2.2. Ozonated oil externally used
Ozonated oil consists of ozone and unsaturated fatty acids, among the later, it can be classified into three types: ω-9 series of unsaturated fatty acids represented by oleic acid in tea oil, ω-6 series of unsaturated fatty acids represented by sub-acid in vegetable oils and ω-3 series of unsaturated fatty acids represented by eicosapentaenoic acid (EPA)and docosahexaenoic acids (DHA) in fish oil. Notably, the direct ozonation of vegetable oils with unsaturated fatty acids leads to the formation of the 1,2,4-trioxolane moiety [29,30], which represents the active form of ozone in these substrates. The trioxolane ring within the vegetable ozonated matrices quickly produces some compounds accountable for the healing process when cured either a humid wound or an ulcer [11,31–33]. Moreover, it is responsible for antimicrobial and antimycotic treatments [34–36]. In addition, the oil itself acts as moisturizer and protectant particularly for those patients with impaired skin barrier function. More importantly, it is storable and portable in daily life to meet great need of more patients.

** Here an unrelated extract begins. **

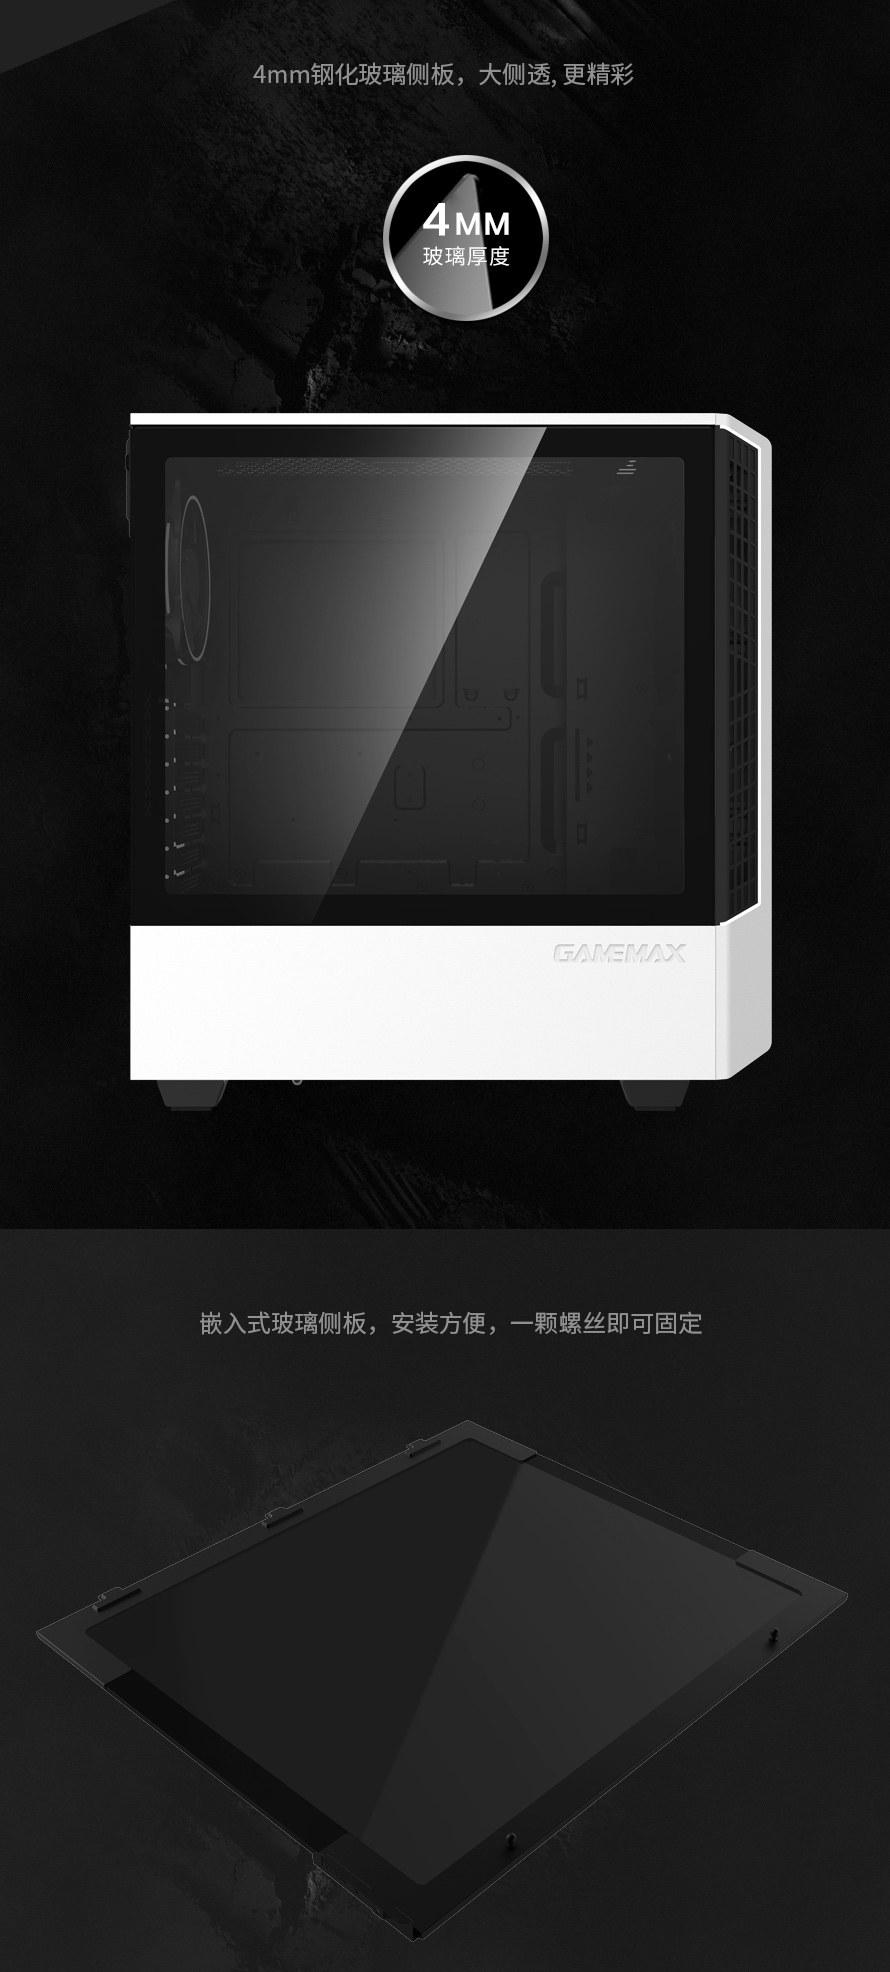 T802_Panda详情页中文_看图王_04.jpg

2.3. Ozonated autohemotherapy (OAHT)
For treatment of systemic conditions, the ozonated autohemotherapy (OAHT) is the form of good choice [37,38]. Now in clinic ozone major autohemotherapy (100–150 ml blood venoclysis) is more common than minor autohemotherapy (3–5 ml blood intramuscular) whose applications are justified in broad pathological conditions, covering a potential antimicrobial effect, the activation of the immune system and the induction of wound healing as well as the improvement of erythrocyte metabolism and the regulation of body's antioxidant capacity [25,39]. Common diseases involve in chronic inflammatory conditions [19], diabetic foot ulcers [40], herpes zoster and postherpetic neuralgia [41,42], autoimmune diseases (AID) [43–45] as well as psoriasis and atopic dermatitis [19]. It is worth noting that the concentration of ozone-therapy cannot exceed 80 μg/ml in serum, suggesting that the key point during treatment process is precise control of ozone concentration because the induction of distinct cytokines needs different ozone concentration such as 11.5 μg/ml for IFN-γ, 25 μg/ml for IL-6 and TNF-α [46,47]. In short, range from 20 to 40 μg/ ml is the optimum concentration to activate immune system [25,48]. Additionally, a regular and adequate duration of the treatment is essential to ensure the efficacy. Generally, 10–15 times are recommended in a course and 1–2 courses are demanded every year [48,49]. Fortunately, OAHT can be regarded as a strategy management of anti-aging and health care benefiting many people owing to its antioxidant defenses such as inducing and activating the antioxidant enzyme system of body to produce SOD, a free-radical scavenger, clearing excessive free-radicals formed in chronic joint and vascular inflammation. In contrast with conventional medical therapeutic modalities, ozone therapy is quite economical leading to an obvious decrease of both medical costs and also prevents the aggravation and recurrence.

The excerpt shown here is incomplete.